Building Powerful NLP Library in Python for 2024

Published in

Level Up Coding

14 min readDec 28, 2023

Consider one of the most stressful scenarios that most coders face, dealing with large text data that requires cleaning. When using regex, you need to define different sets of patterns to remove text, and even then, you may not be sure if there is any new garbage data that needs removal. Tasks like these can be stressful for developers because of the time and effort they have to invest, and there’s still uncertainty about whether the new data requires the same procedural coding or not.

The recent trends of Large Language Models (LLMs), whether open source or closed source, have given us a new dimension of how text data can be handled. Since LLMs can analyze text data more quickly than us and can intelligently understand data to a considerable extent, similar to the way we understand it, why don’t we perform our NLP tasks using LLMs? This could automate the process and make the coder’s life less stressful.

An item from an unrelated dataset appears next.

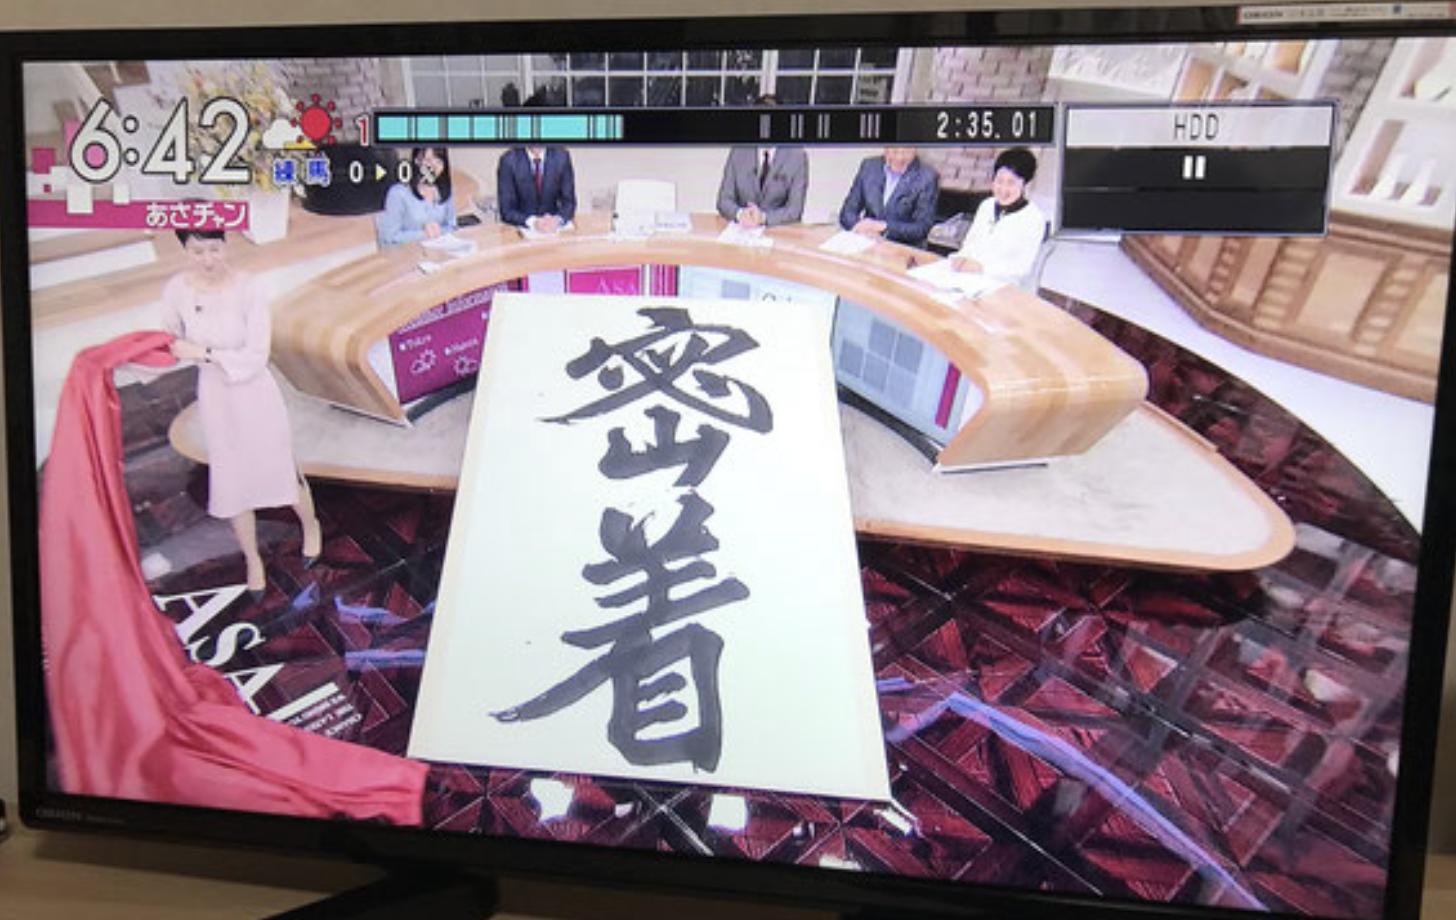 2017/1/4TBSテレビ あさチャン!に出演と密着取材コーナー『密着』の書かせて頂きました

The Core Concept Driving My Library

I tried out several open-source LLMs like Mistral 8x7b or LLAMA-2–70b-chat-hf, but they never met my expectations. Although good for question answering and text generation, they fall short when it comes to NLP tasks. On the other hand, ChatGPT exceeded my expectations, but it requires a paid API access to perform NLP tasks on our custom dataset. Gemini, as capable as GPT-4, provides a free API with limited access. I tested it with the help of prompt engineering and found that it can solve almost any NLP task you want to tackle.

Here is a simple visual illustration of how I have used Gemini multi-model to perform NLP tasks on my dataset:

Visual illustration of how my library works ( Created using FIGMA )

This concept can be used by yourself, allowing you to create your own NLP library to improve your productivity. Highlighting all the features of my library here would make the blog lengthy. You can find my GitHub repository that contains detailed information about each task and its usage. However, this blog will focus on the most important features, how to use them, and how to include your own customized NLP tasks.

GitHub - FareedKhan-dev/Most-powerful-NLP-library: Gemini, as capable as GPT-4, provides a free API…

Gemini, as capable as GPT-4, provides a free API with limited access. I tested it with the help of prompt engineering…

github.com

Installing the Library
Understanding File Structure
Initiating the Library
Cleaning the Text
Perform Lemmatization or Stemming
Simplifying NER Detection and POS Tagging
Text Pattern Matching
Text Classification
Semantic Role Labeling (SRL)
Intent Recognition
Handling Large Data
Customizing the Library
What’s Next

Installing the Library

First, you need to clone my GitHub repository.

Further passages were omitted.